Start spreadin’ the news. Come Nov. 23, 2019, these little town blues will start melting away as members of the Pride of the Mountains Marching Band leave for New York City to participate in the Macy’s Thanksgiving Day Parade. It’s the second time since 2014 that these marching Catamounts will strut their stuff at the invitation of parade officials, said David Starnes, WCU’s director of athletic bands and assistant professor of music. The Pride of the Mountains will be one of two collegiate bands in next year’s parade.

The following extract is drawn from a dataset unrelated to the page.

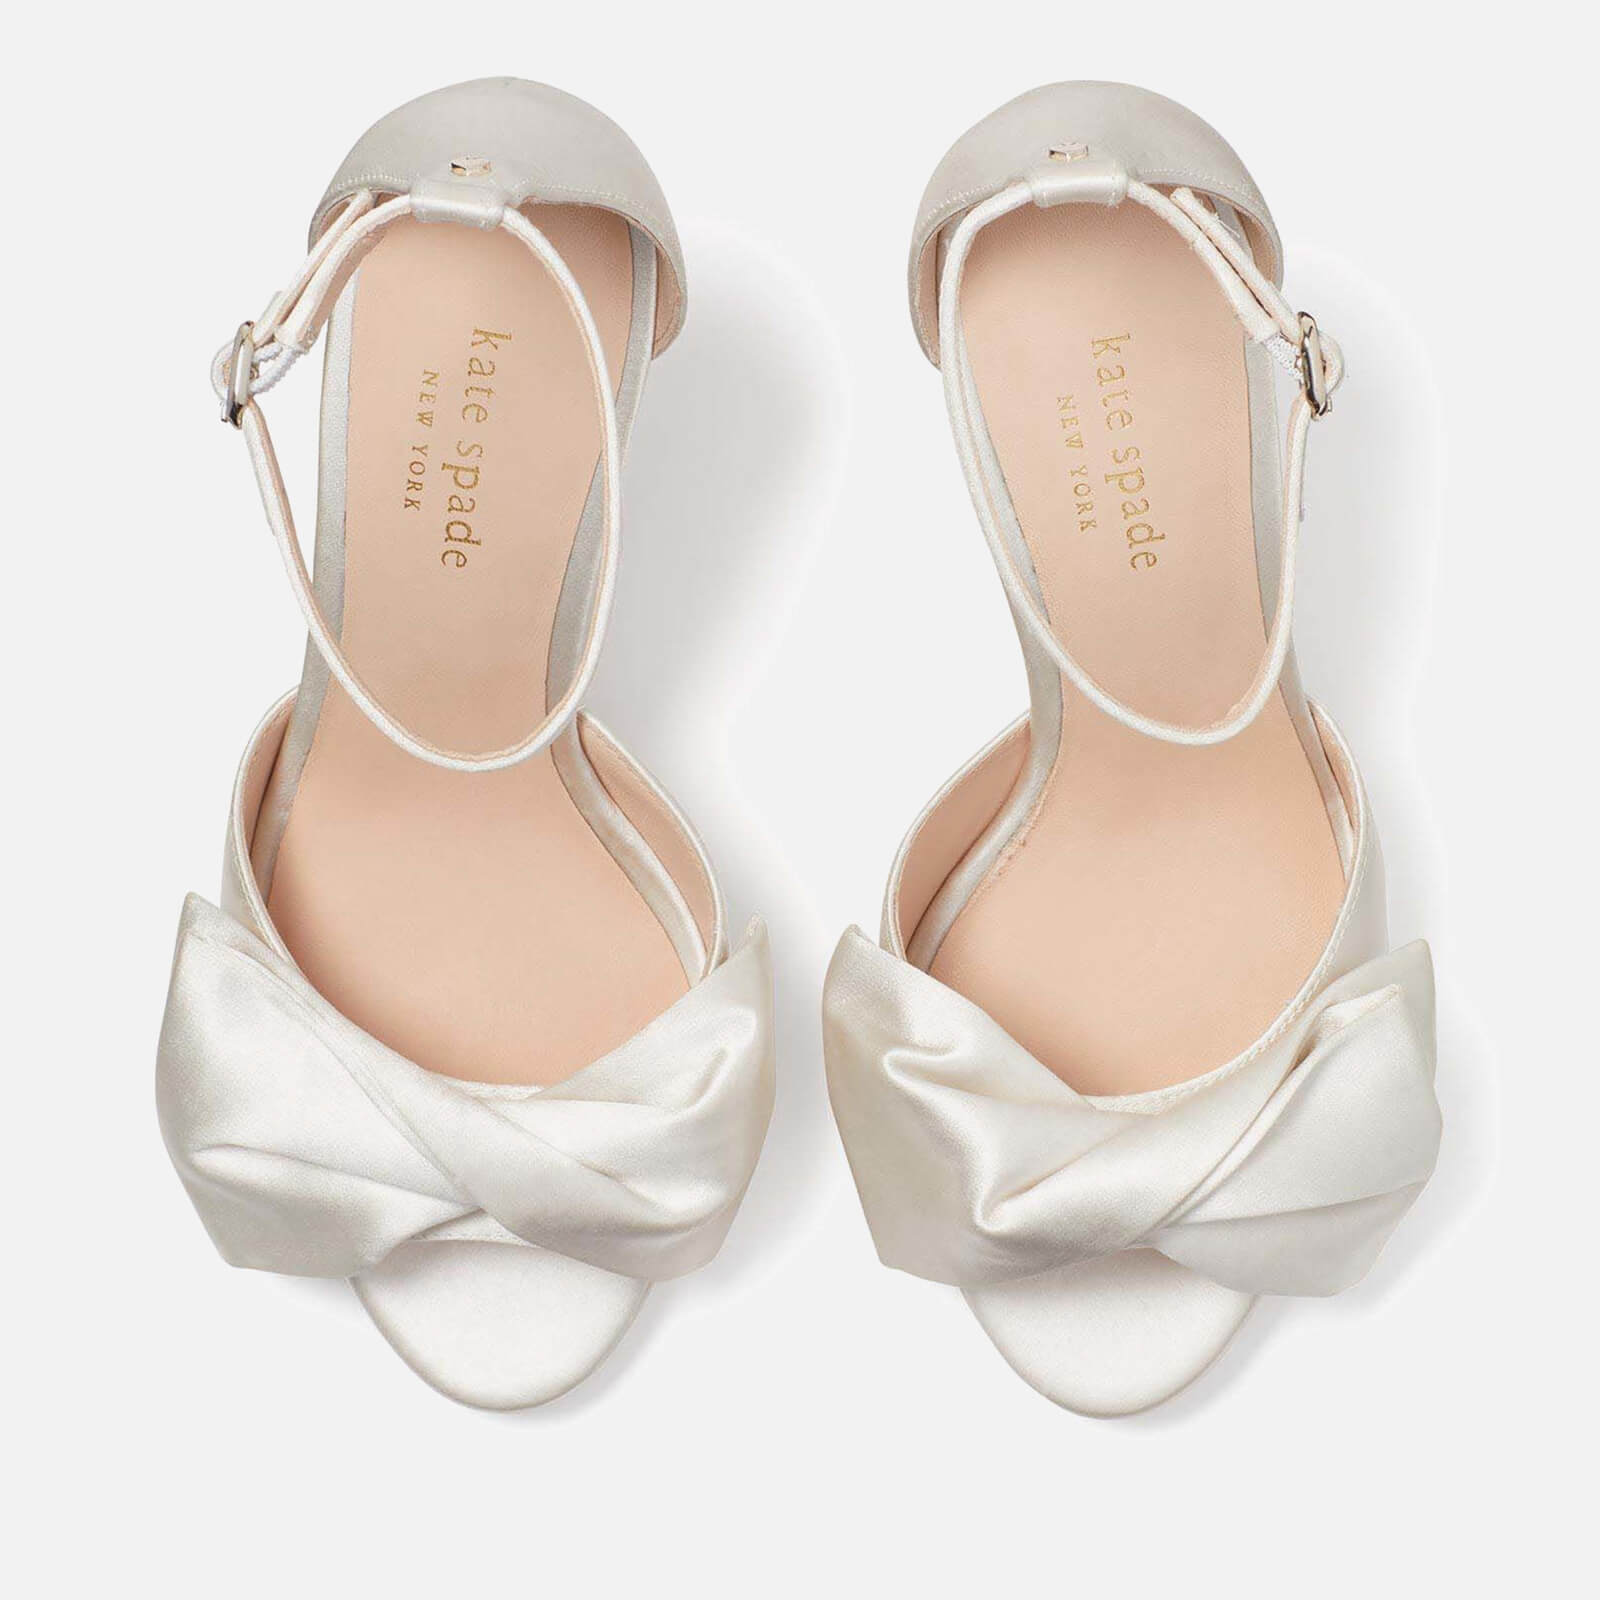 kate spade new york women's bridal bow satin heeled sandals - uk 8

“You can only apply to the parade every five years; we applied as soon as we possibly could. They typically don’t accept groups in back to back five-year sequences, but they did us,” Starnes said. “But no students who went in 2014 will be doing it in 2019.”
The cost-per-student will depend on how much money the band can raise during Giving Tuesday, Starnes said. The goal for Giving Tuesday is $150,000, which means if it’s reached, then each student would pay about $900 out-of-pocket. The big three expenses – hotel, food, travel – will cost close to $400,000, with another $350,000 in additional expenses for events and other experiential learning activities during the band’s six days in New York.

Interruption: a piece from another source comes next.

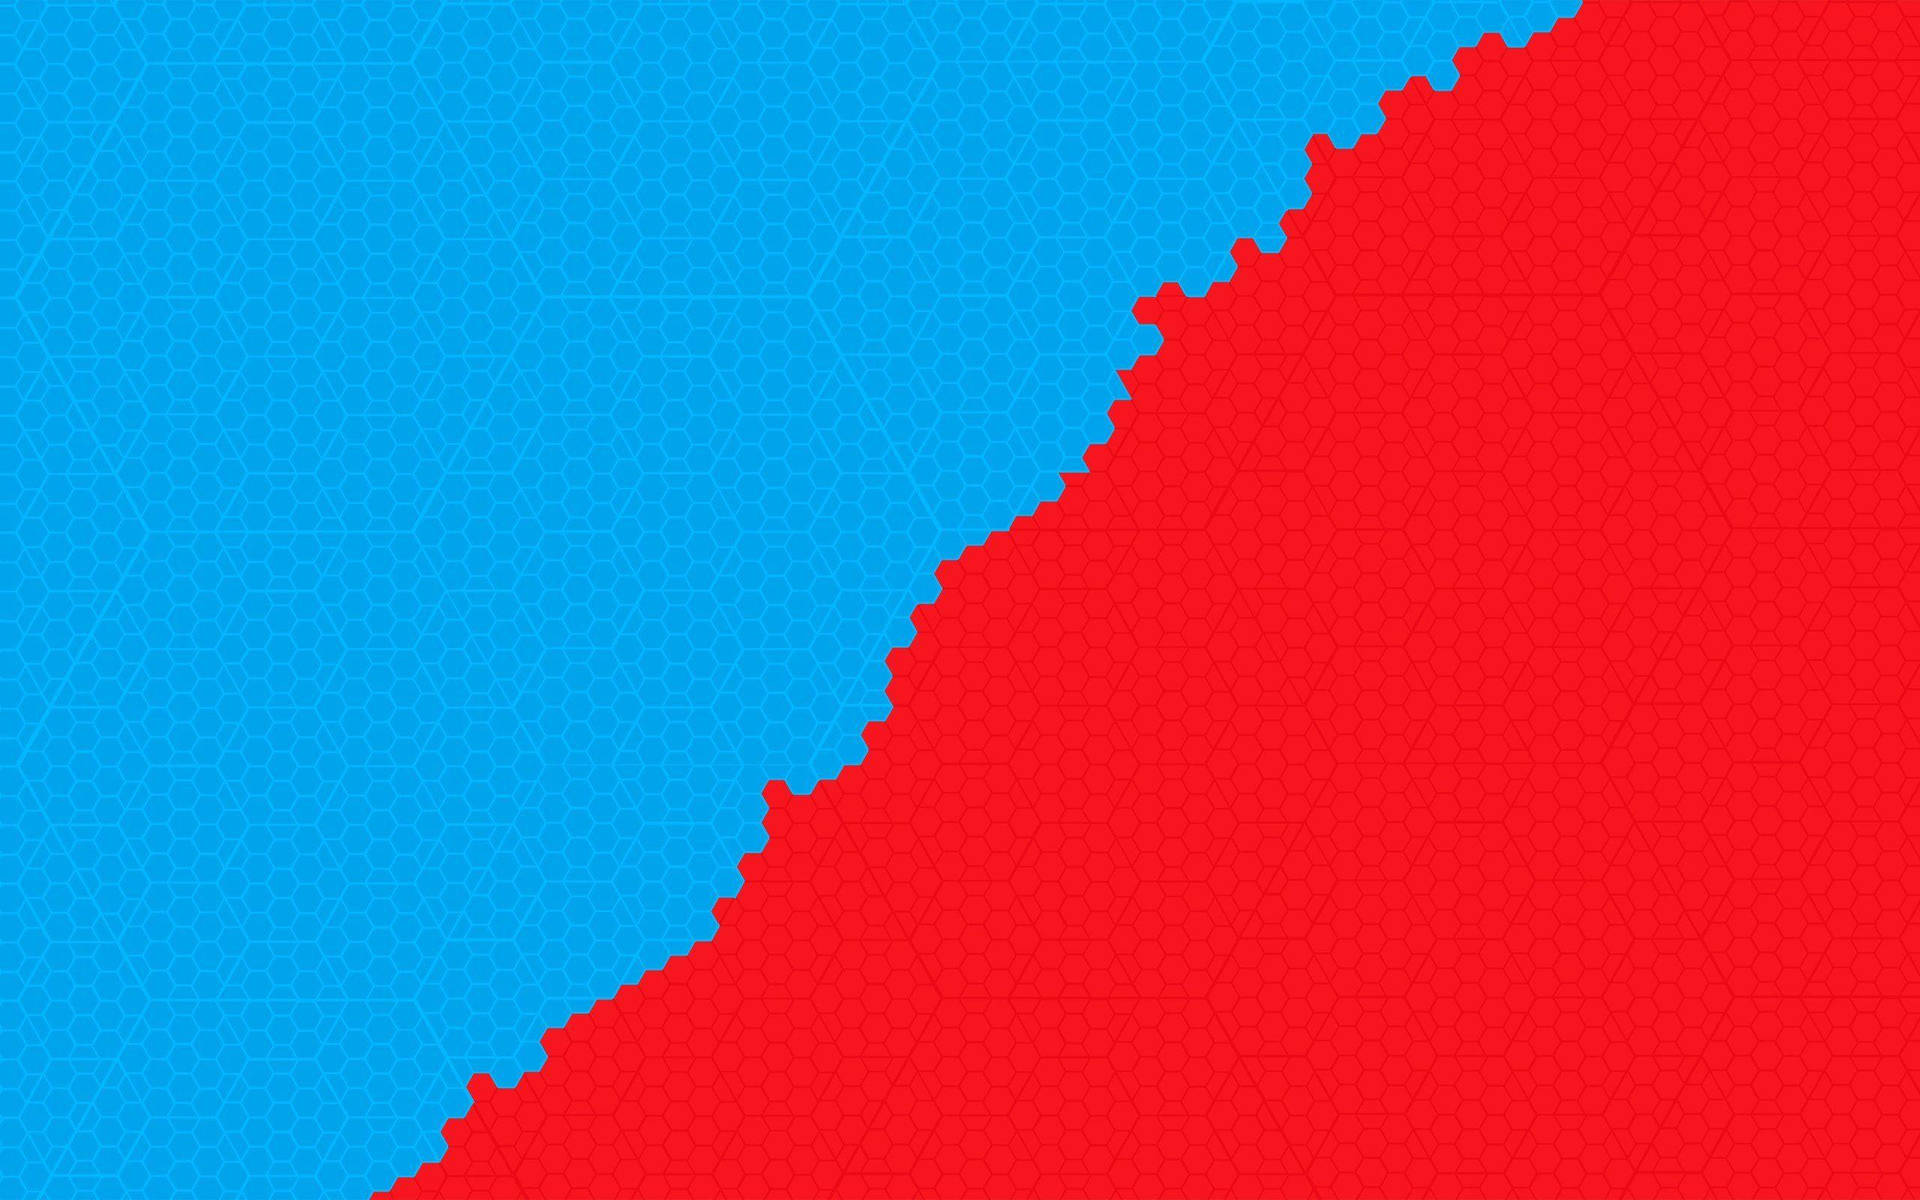 Abstract Red and Blue Hexagonal Pattern Art Wallpaper

“There was a university bid process we’ve already gone through,” Starnes said. “We have selected a travel partner as well as a transportation company that will take us to New York. Macy’s doesn’t provide any of those logistics. So, every group that goes to the Macy’s parade is pretty much on their own as far as how they get there and how they pay for it. And you don’t get paid to march in the parade. That’s another thing that people have asked me many times over the last year or so, ‘how much money does Macy’s pay you to be in the parade?’ You don’t make anything. It’s all out-of-pocket and the only paycheck you get is Thanksgiving morning when you’re on TV for millions of people.”
Starnes said he expects to take about 500 band members, the maximum allowed because of the number of instruments and uniforms, but he anticipates 650 applications for the band next year. “The stipulation was that a student who was going to Macy’s next year, had to be a member in good standing of the band this year, and we’re right at 490 members this year,” he said. “There are students who joined the band this year so they could be in the Macy’s band next year.” The band will take 10 chartered buses, the maximum allowed because of parking issues, Starnes said.

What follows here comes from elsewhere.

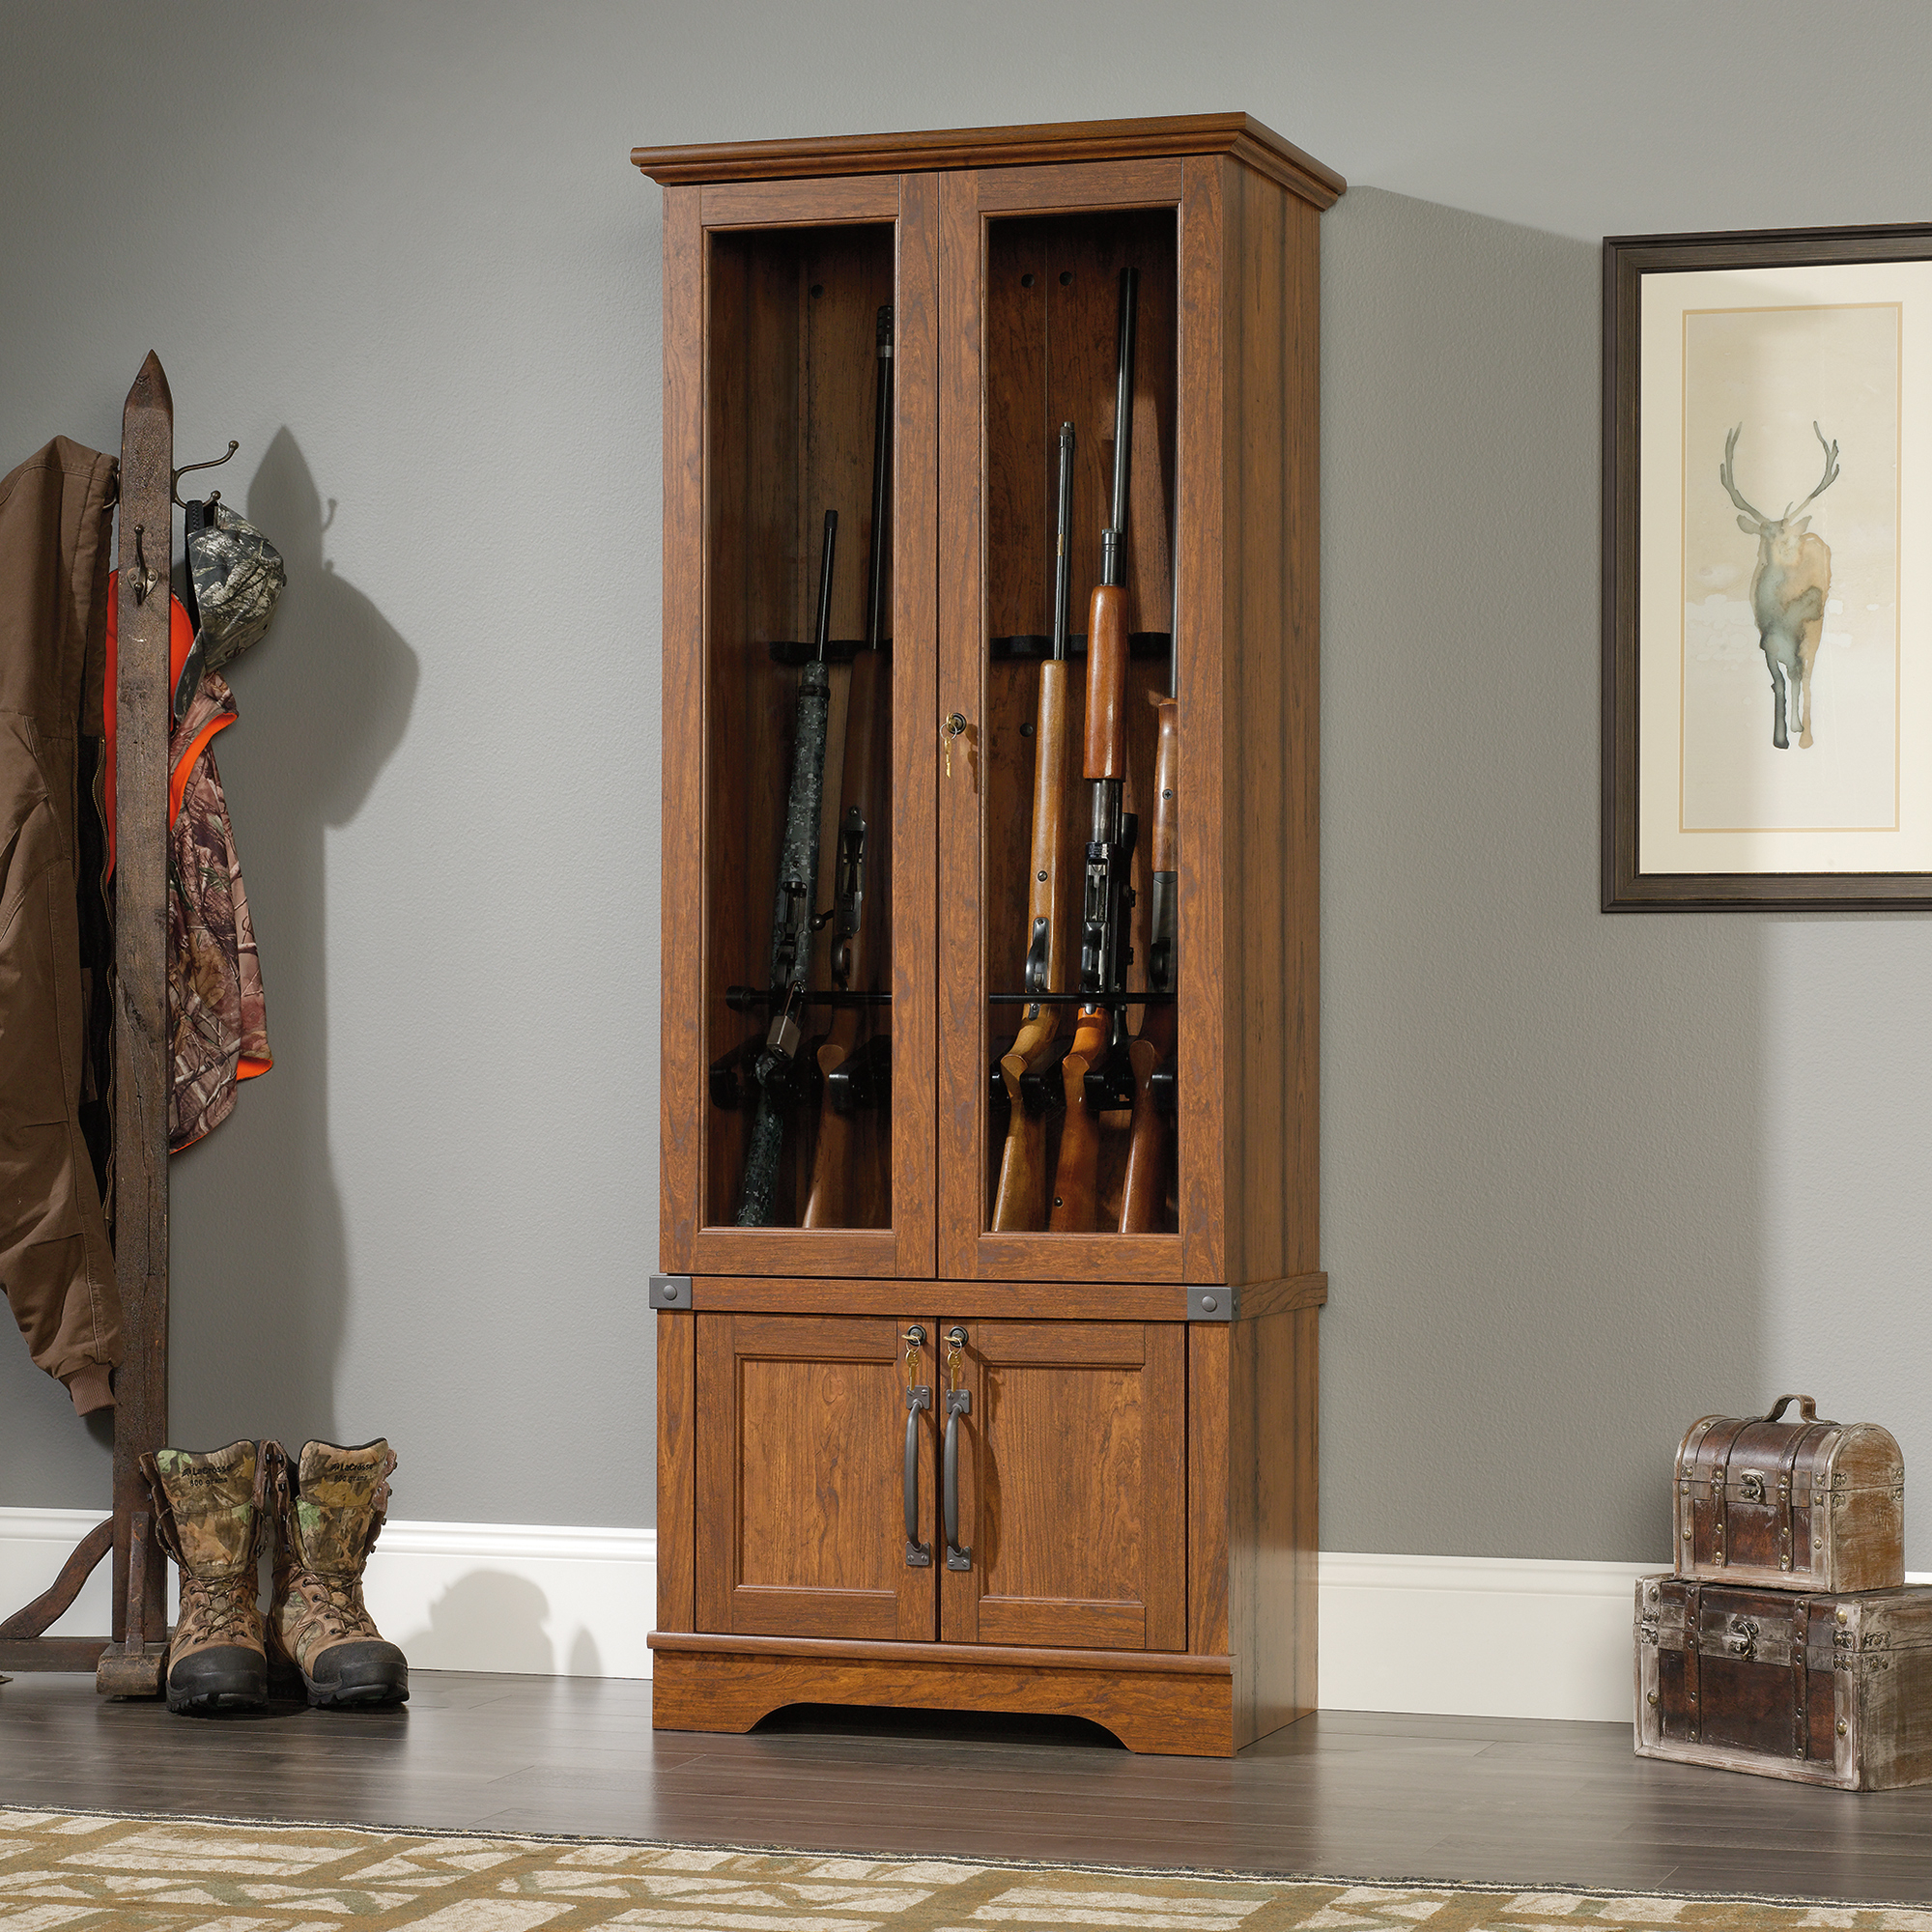 Carson Forge Gun Display Cabinet 419575 Sauder within size 2000 X 2000

The parade is more than a road trip for his students, he said. It’s a three-hour, prime-time public relations campaign. “Kids see us on television and they say, ‘who is Western Carolina University’ and it’s a big draw for the university,” Starnes said. “I’ve already talked to several students in the last month or so who knew we were going to Macy’s and that weighed as part of their choice of a university. They want to make sure they come here to be a part of this once-in-a-lifetime opportunity.”
Students will pay for the majority of the trip themselves, Starnes said, which is why he hopes to lower the amount as much as possible through charitable giving opportunities such as Giving Tuesday. “We hope to exceed our goal to help reduce students’ expenses as much as possible. We want everyone to have an opportunity to do this. No one needs to be excluded because of dollars.”